MESOP ANALYSIS THE ASSAD / PUTIN TALKS – ANALYSIS BY FOREIGN AFFAIRS / NEW YORK TIMES / THE ECONOMIST
“One thing is certain: Only the big players in this crisis have what it takes to effect change. The end game will not please everyone, and trying to build super coalitions of dozens of nations for endless rounds of talks will result in more deadlock. Worse still, competing coalitions risk pouring resources into competing aims. It’s time for the United States and Russia to work together to stop the flow of death machinery into the Syrian inferno, and to remove from the battlefields of Iraq and Syria those who will never negotiate with anyone,” write Luay Al Khatteeb and Abbas Kadhim in Foreign Affairs.
“Viewed through a broader regional framework, American acquiescence to this Russian initiative would ultimately mean an accommodation with a major reshaping of the strategic order in the Middle East. Moscow is clearly trying to accomplish the creation of a powerful alliance with Iran, Iraq, Hezbollah, ‘Little Syria’ and others. To secure this new compact, Russia is willing to risk not only confrontation with the West, but also its recently improved relations with other regional powers like Turkey and Saudi Arabia,” writes Hussein Ibish in the New York Times.

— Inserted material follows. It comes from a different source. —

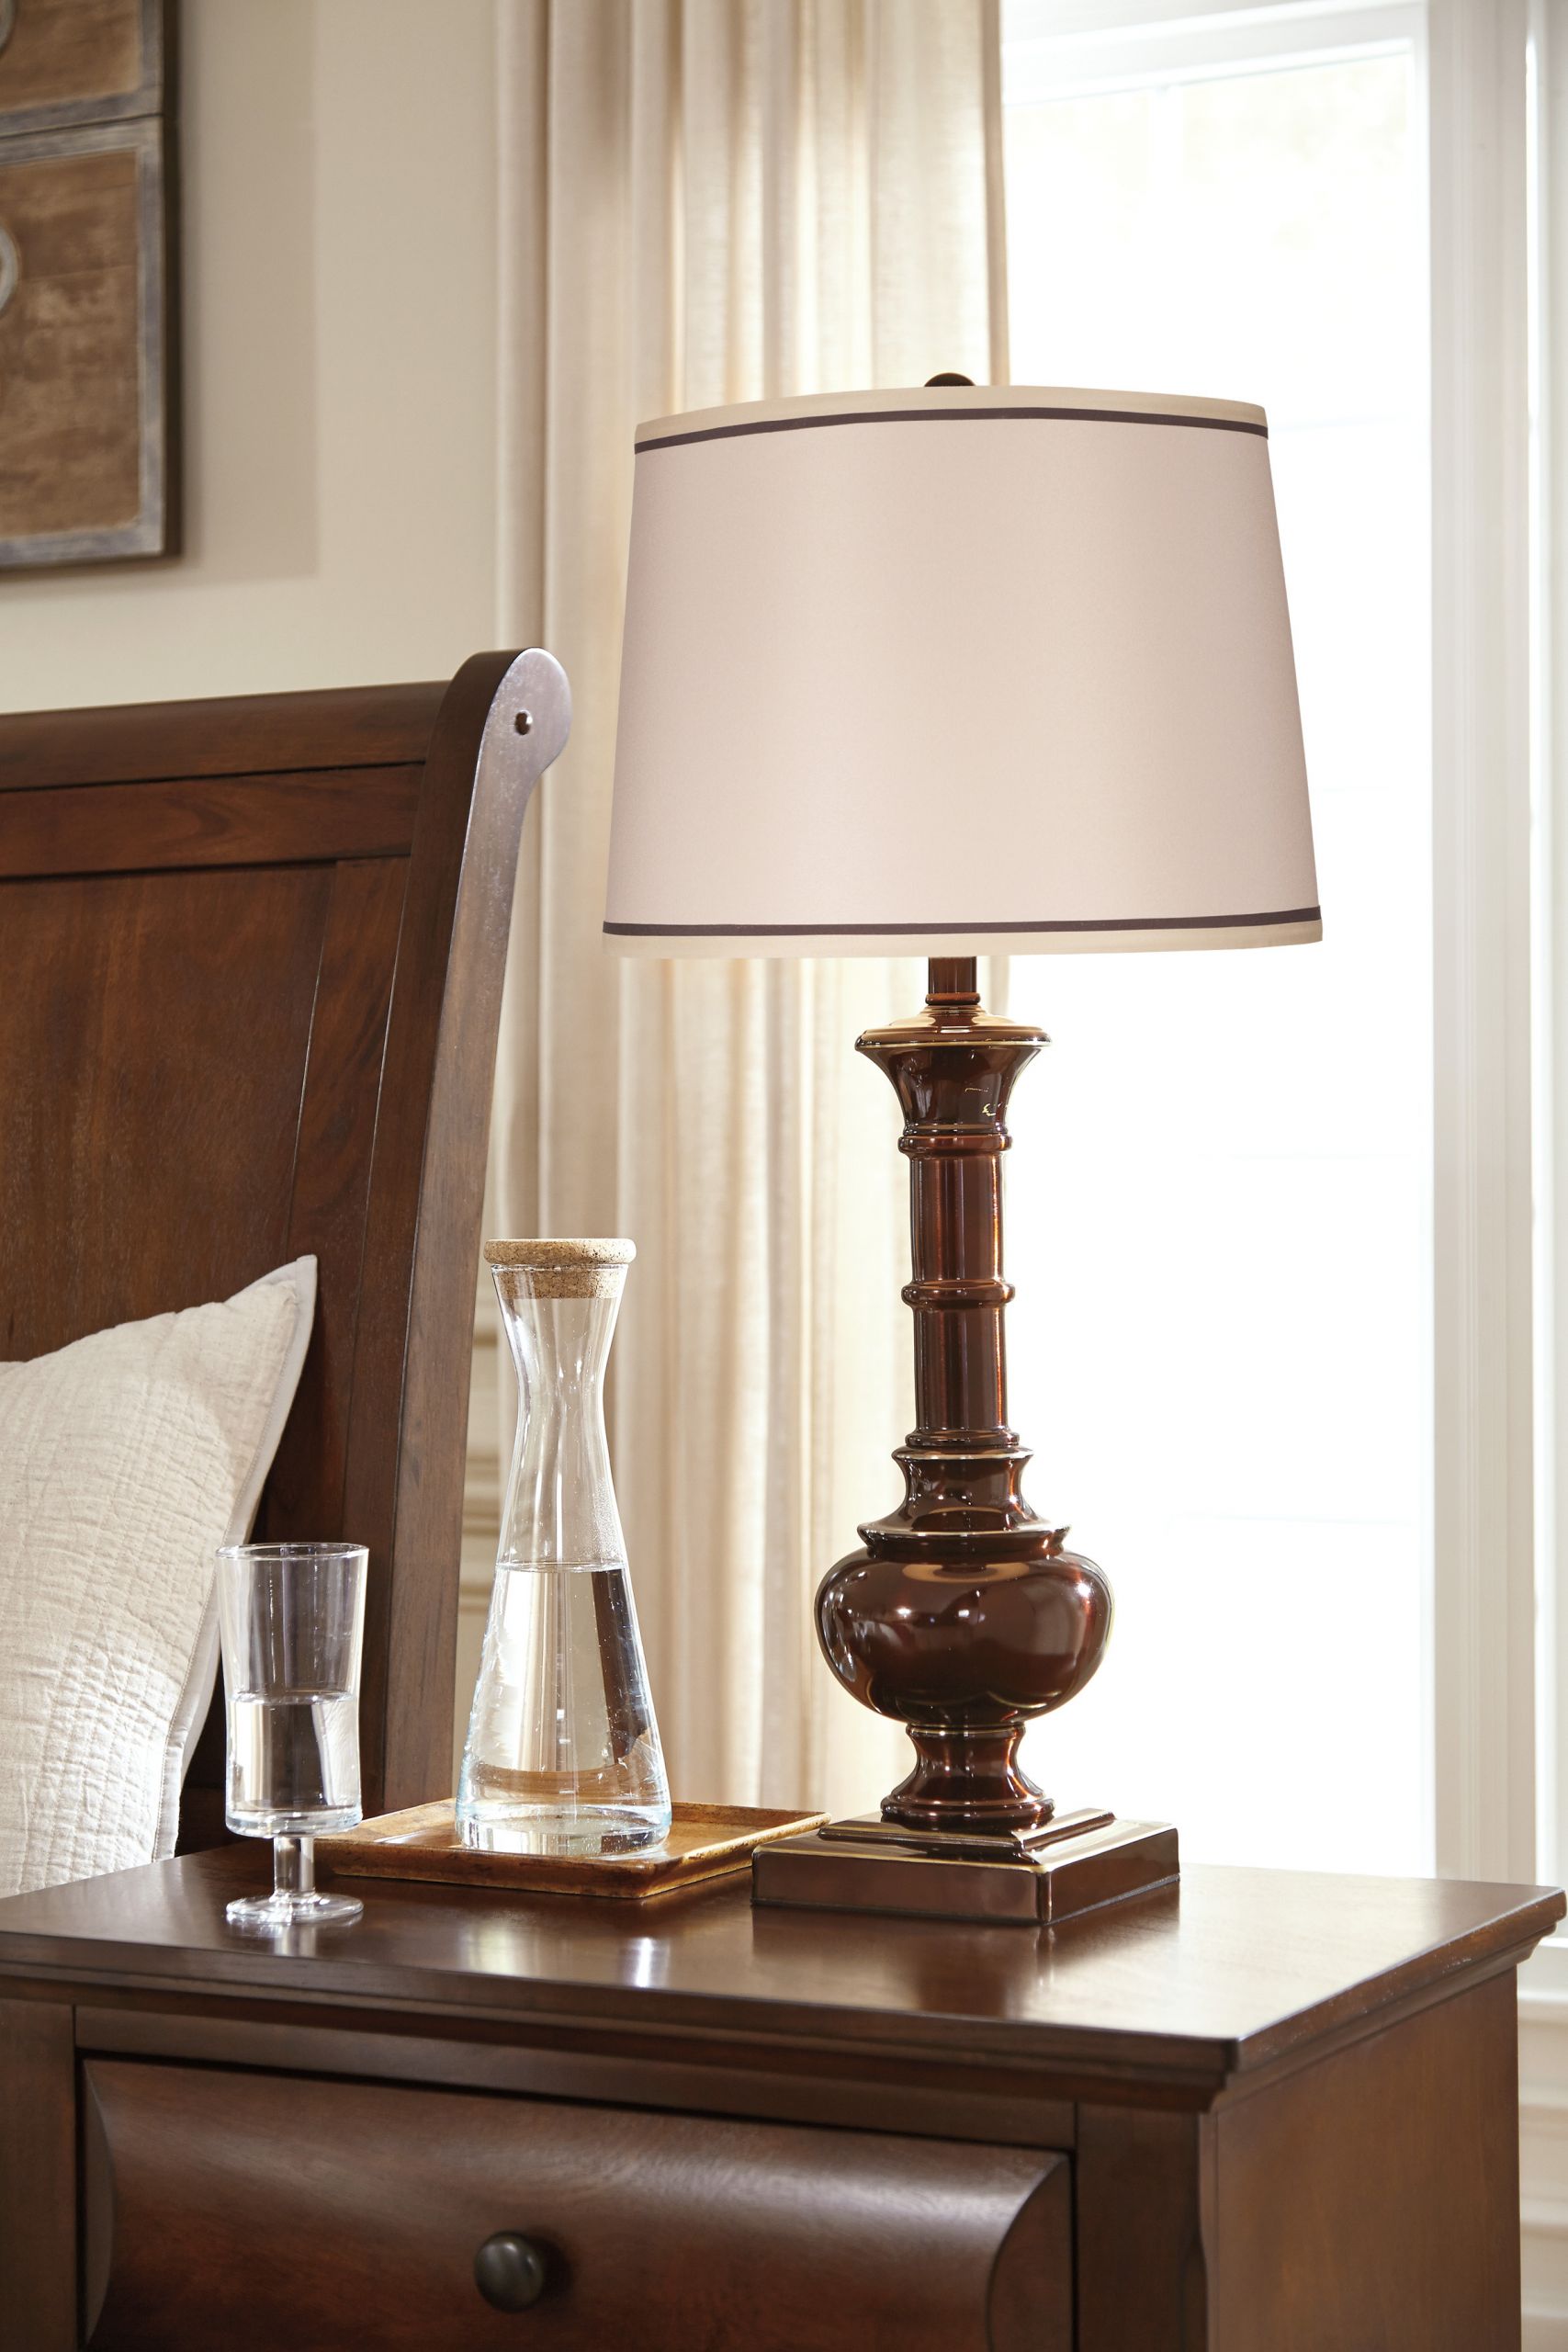 Living Room Lamp Table
 Bronze table lamps for living room – Lighting and Ceiling Fans

“The region’s sectarian problems risk getting worse and broadening. Iraq’s cartoonists now portray Mr Putin as a Shia tribal hero, giving the region’s Shia powers (currently led by Iran) a global reach. Meanwhile, Sunni powers still look grudgingly to America, despite Mr Obama’s nuclear deal with Iran. After months of waiting, some of Syria’s rebels have at last received an American arms drop (ostensibly to fight IS, not the Syrian regime). In Iraq, America is again arming and training thousands of tribesmen, adding a Sunni flank to the Iranian-dominated fight against IS. On the street and in parliament, some Sunnis have denounced Russia’s return to Iraq’s stage as vehemently as Shias have championed it,” writes the Economist.